## Dataset content
#####

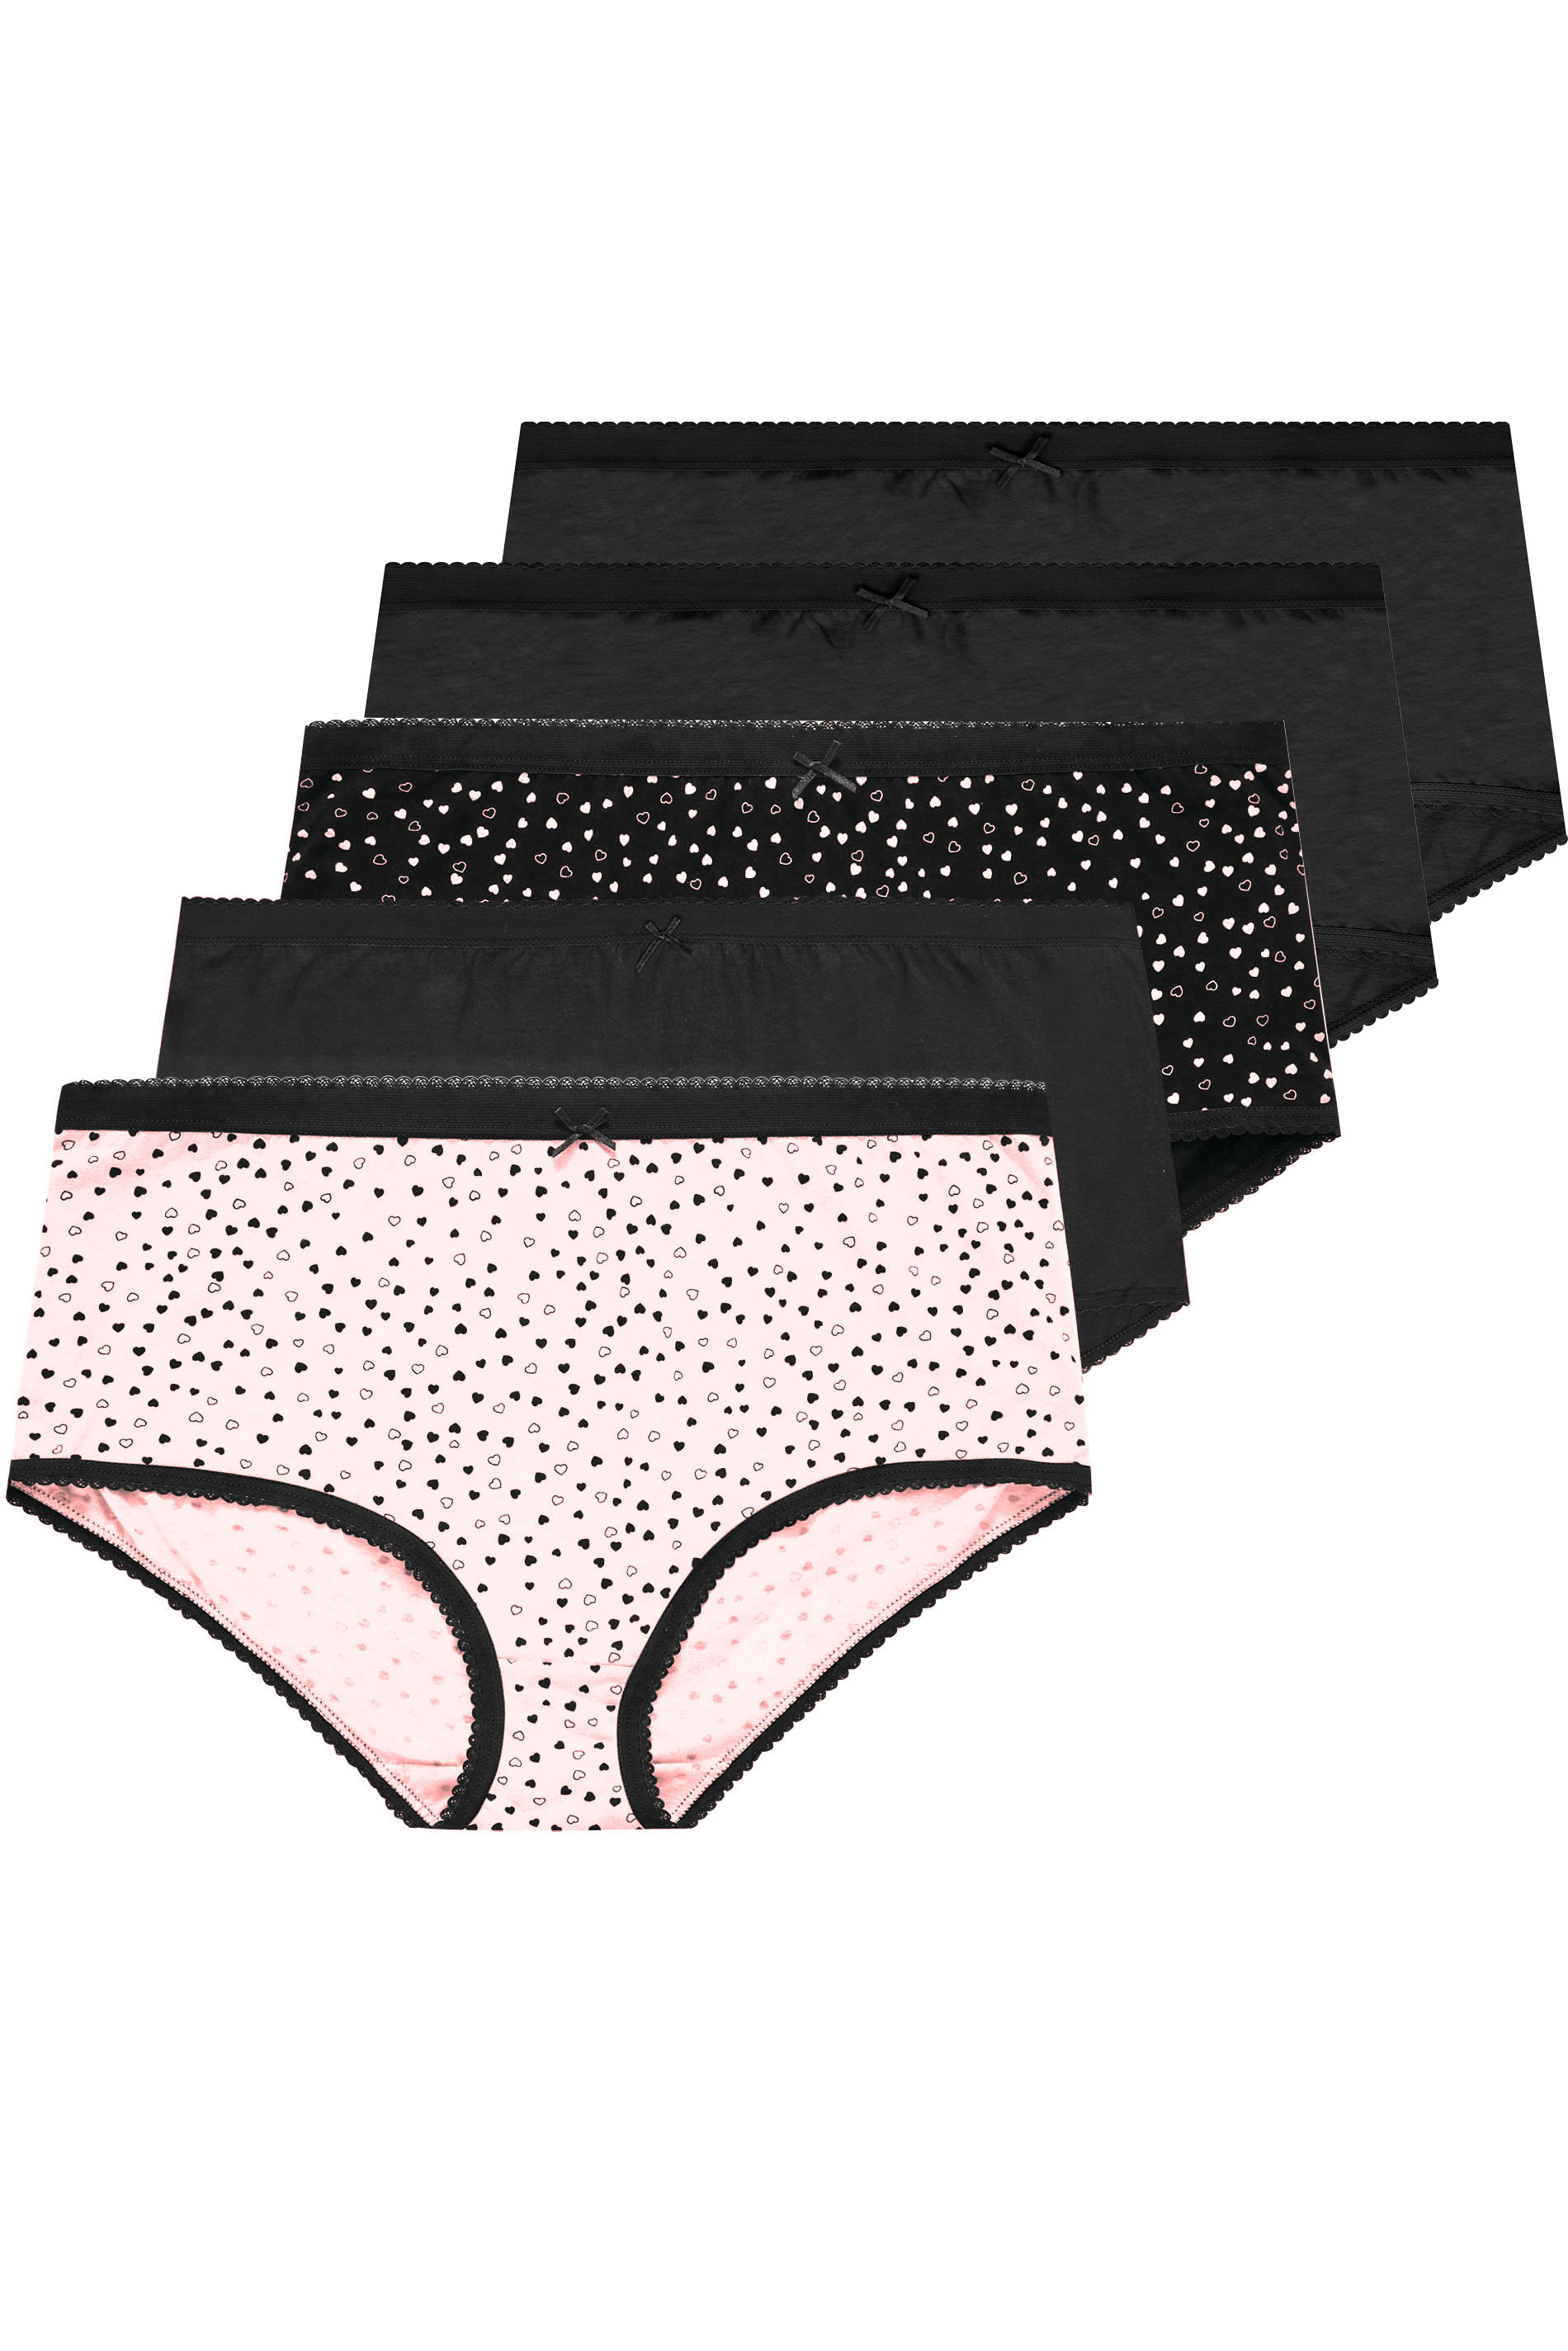 5 PACK Black & Pink Mini Heart Print Briefs | Yours Clothing
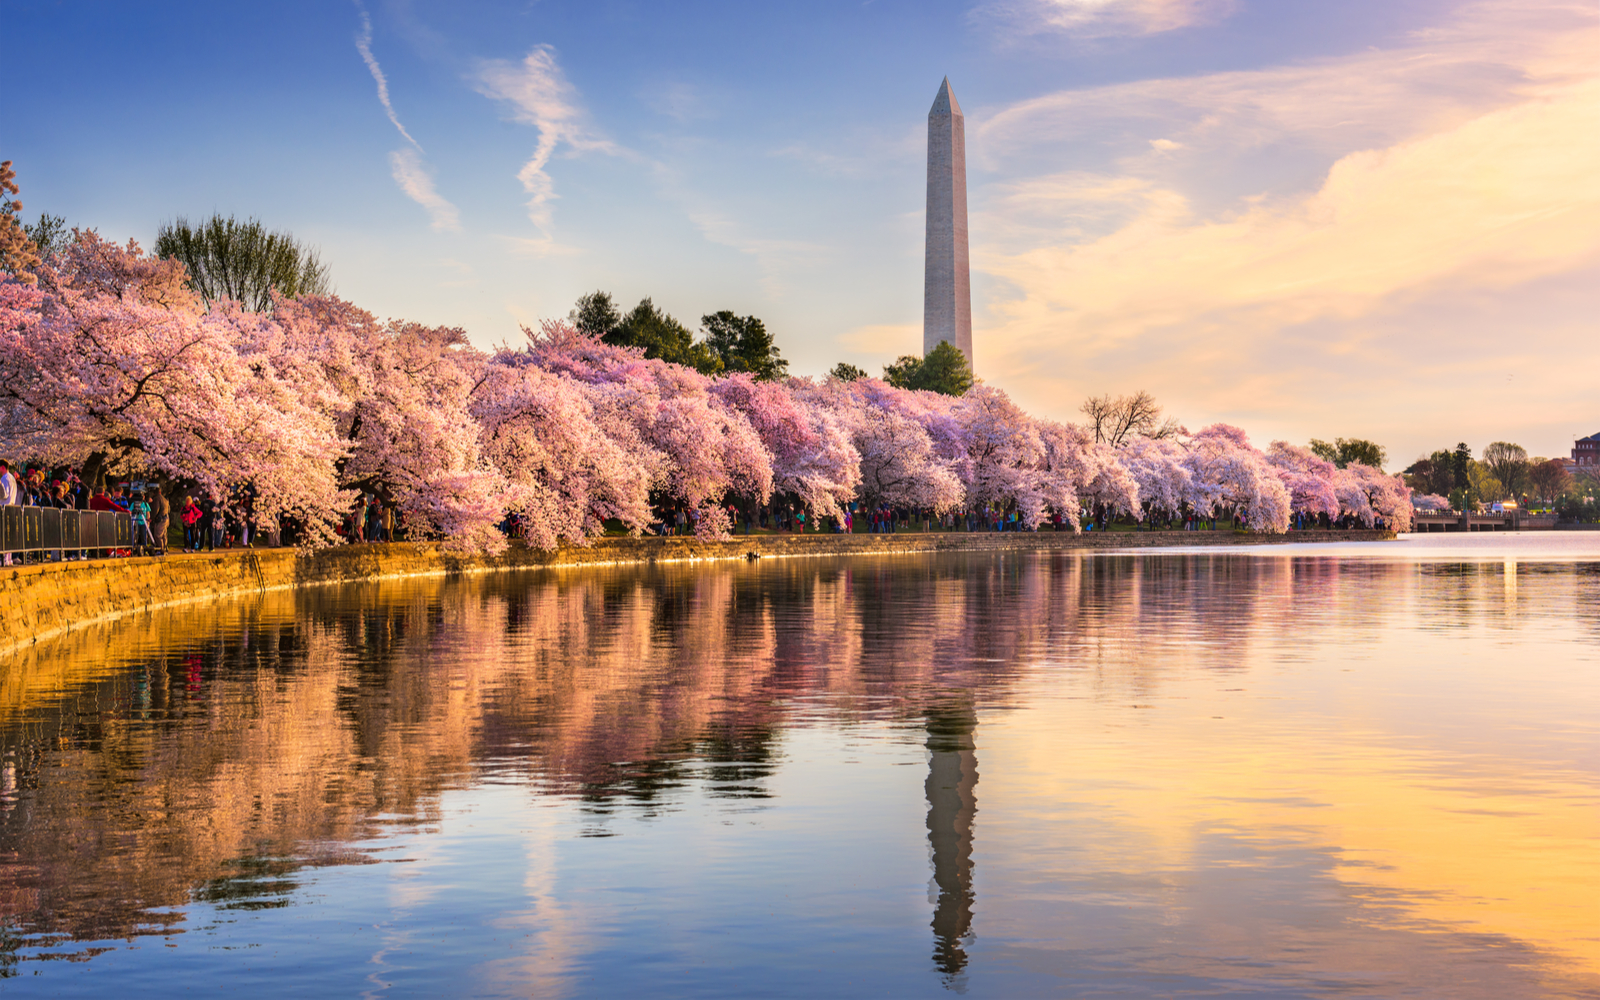 Featured image for post on the best time to visit Washington DC, cherry trees pictured blooming with pink flowers
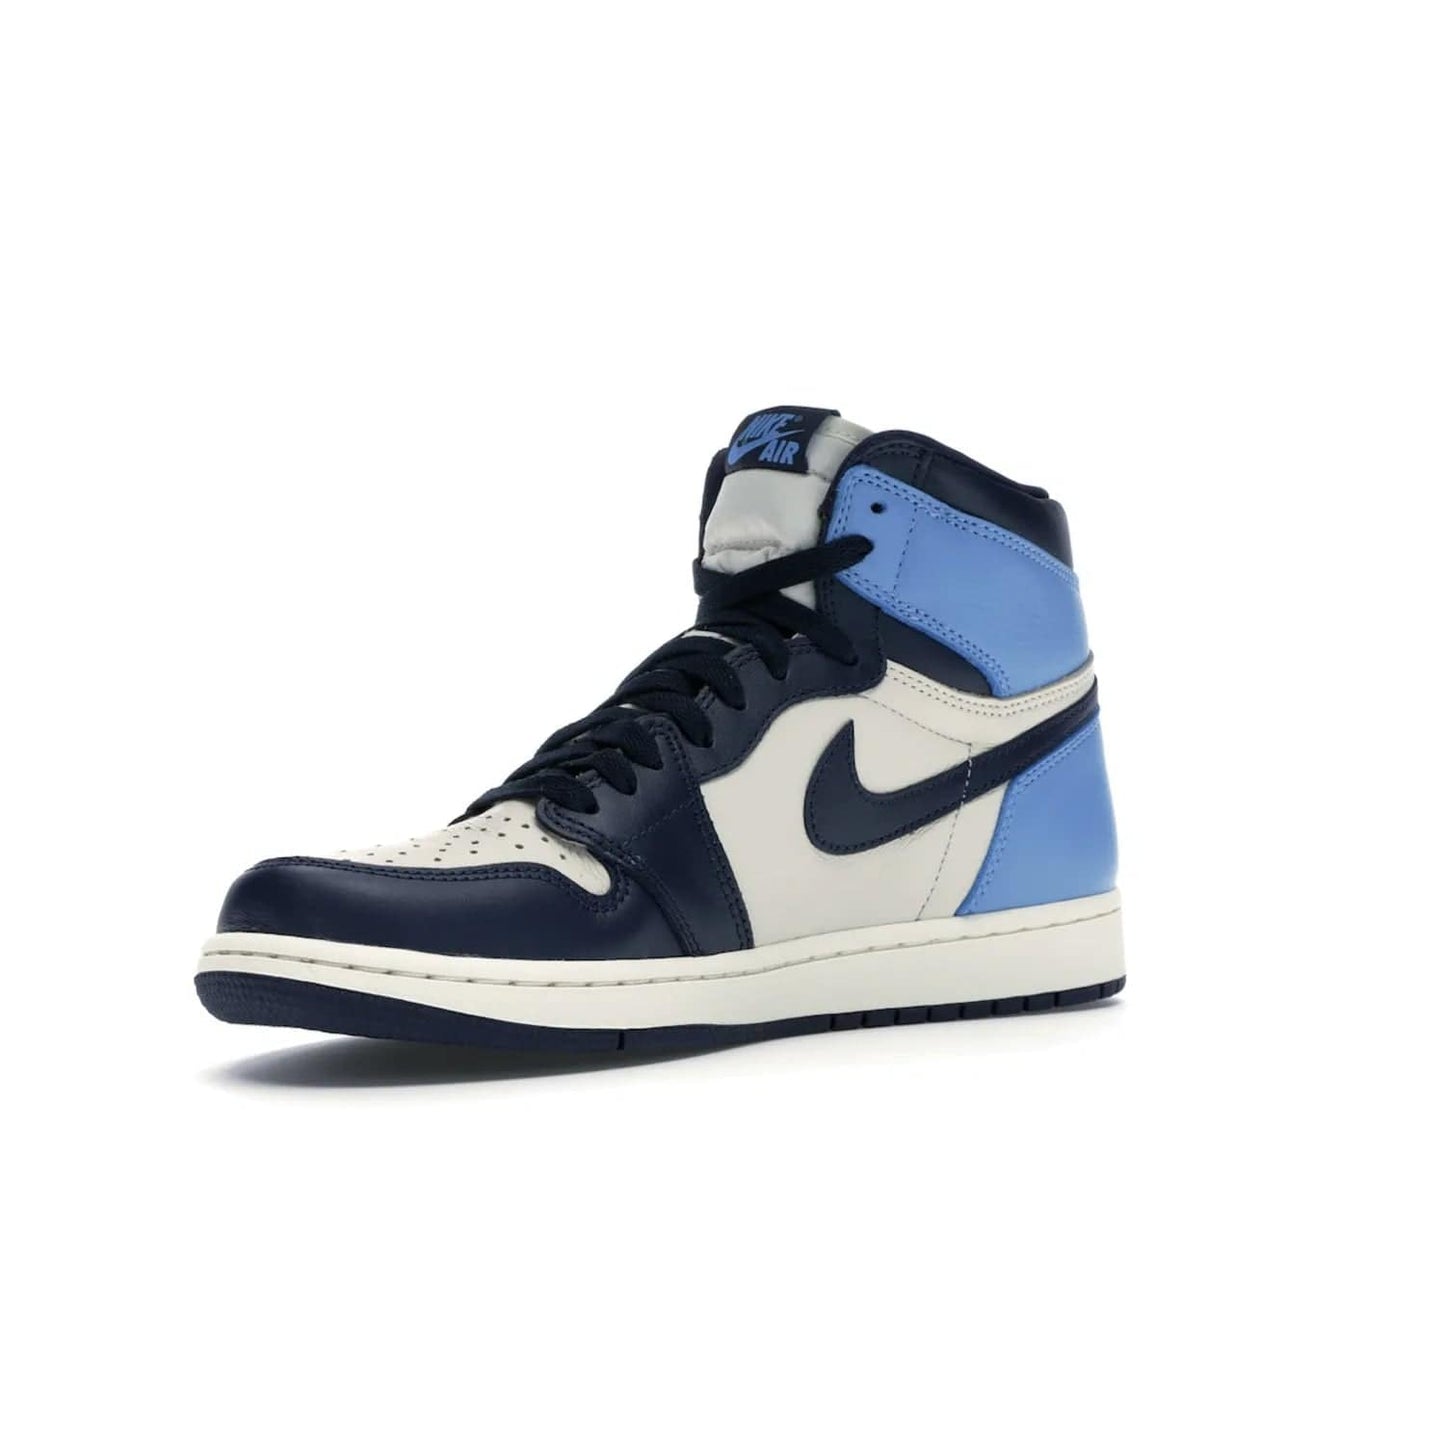 Jordan 1 Retro High Obsidian UNC - Image 15 - Only at www.BallersClubKickz.com - Bring a timeless classic to your wardrobe with the Air Jordan 1 Retro High "Obsidian/University Blue”. A full leather upper combines Obsidian and University Blue detailing for a retro Jordan style. Stitched Jumpman logo pays tribute to UNC. Experience classic style with a timeless sneaker.

#####

## What the task requires
Lines from the one containing "Featured image for" through the end of the listing, both included, are to be restated exactly, and pictures are to be left out.

## Answer section
 Featured image for post on the best time to visit Washington DC, cherry trees pictured blooming with pink flowers
 Jordan 1 Retro High Obsidian UNC - Image 15 - Only at www.BallersClubKickz.com - Bring a timeless classic to your wardrobe with the Air Jordan 1 Retro High "Obsidian/University Blue”. A full leather upper combines Obsidian and University Blue detailing for a retro Jordan style. Stitched Jumpman logo pays tribute to UNC. Experience classic style with a timeless sneaker.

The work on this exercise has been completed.